He had come to take back the authority and power to return His estranged people to fellowship with the God who had created them and designed them to be mirror images of Him. Satan had derailed God’s plan by deception but, by giving His own life as a payment for man’s going astray, Jesus was on the brink of restoring man to God and putting him back on course to compete the Father’s plan.

This was the kingdom He was talking about, but this kingdom’s values were the opposite of the values subscribed to by the world’s systems. At His trial, Pilate asked Jesus, ‘Are you the king of the Jews?’ and Jesus replied, ‘My kingdom is not of this world.’ John 18:33, 36 (NIV).

So what does God’s kingdom look like?

Firstly, it a system that rules by choice, not force, by obedience, not coercion and by truth, not deception. We are in it because we chose to believe the truth and God responded by supernaturally setting us free from our slavery to the devil and relocating us to His kingdom which He rules by truth and love. Every time we choose to obey God, His Holy Spirit enables us to do what we have chosen to do.

Secondly, the values of God’s kingdom reflect His nature and are opposite to the world’s ways. As Jesus had painstakingly taught them, true greatness lies, not in lording it over people but in serving them. He showed them how by giving His life for them. Our needs are met when we meet the needs of others; we receive by giving; we live by dying; we are happy when we make others happy; we find life by losing it; we lead by following. It all becomes real when we “just do it”.

The disciples did not get it until after Jesus’ death and resurrection and the coming of the Holy Spirit, who did exactly what Jesus promised He would do. When He took up residence inside them, He brought into sharp focus everything Jesus had taught them. All the seeds of His word which had lain dormant in their hearts sprang to life and began to grow and bear fruit.

As believers, we have to swim against the current of world systems where power lies in force. The power of God works within in us, changing us as we believe and respond to His truth and choose to follow and obey Jesus. Eternal life is a dynamic partnership between ourselves and God, drawing us into union with Jesus and teaching us how to be sons of God.

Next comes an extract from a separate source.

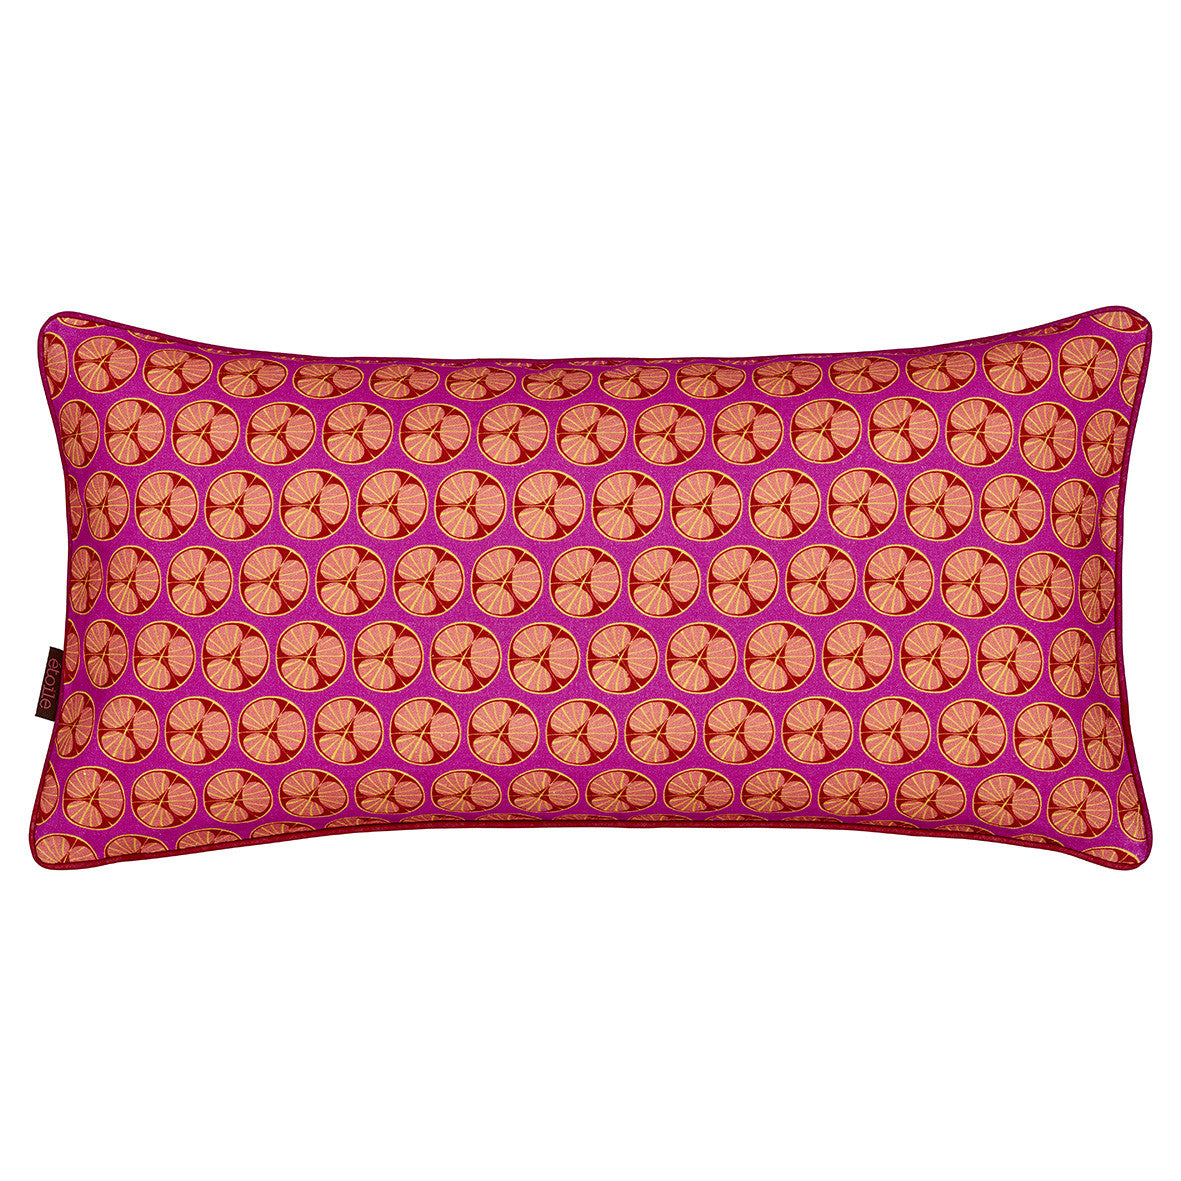 Graphic Fruit Cross Section Pattern Linen Union Printed Decorative Throw Pillow in Fuchsia Pink 12x24" 30x60cm

THE BOOK OF ACTS – BY WHAT POWER?

BY WHAT POWER?

“The next day a meeting was called in Jerusalem. The rulers, religious leaders, religion scholars, Annas the Chief Priest, Caiaphas, John, Alexander — everybody who was anybody was there. They stood Peter and John in the middle of the room and grilled them: ‘Who put you in charge here? What business do you have doing this?'” Acts 4:5-7 (The Message).

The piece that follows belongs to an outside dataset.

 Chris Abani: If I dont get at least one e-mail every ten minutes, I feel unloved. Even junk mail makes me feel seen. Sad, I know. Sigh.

Get the picture? All the religious ‘who’s who’ in Jerusalem, in full regalia and in all their blustering authority, confronted the apostles who had done something they did not authorise. Man-power and God-power go head to head. Which one is God going to back?

We must remember, according to the teaching of the Apostles Paul and Peter, that the governing authorities are ordained by God and delegated by Him to maintain order in society. Therefore, no matter what they do, God backs the government because He put them there. But, of course, He also holds them accountable for what they do because He makes the rules and, if they do not uphold and obey them, they are culpable.

But now Jesus has put a spanner in the works. He came to re-establish God’s kingdom on earth. This kingdom takes precedence over the kingdoms of the world. He commissioned His disciples to announce this kingdom and invite people to enter it by way of faith in Him through His sacrificial death. This kingdom is one of righteousness, joy, peace and power in the Holy Spirit which they had just demonstrated by healing a crippled man.

The kingdom of God is not about maintaining order. It’s about restoring everything that is broken. Broken bodies, broken spirits, broken lives, broken relationships, broken hopes, broken dreams, everything broken by the Fall stands in line for the power of God to restore. What happened to the crippled beggar and what happens to millions of people around the world is a foretaste of the final and complete restoration of all things when Jesus returns to finish what He began.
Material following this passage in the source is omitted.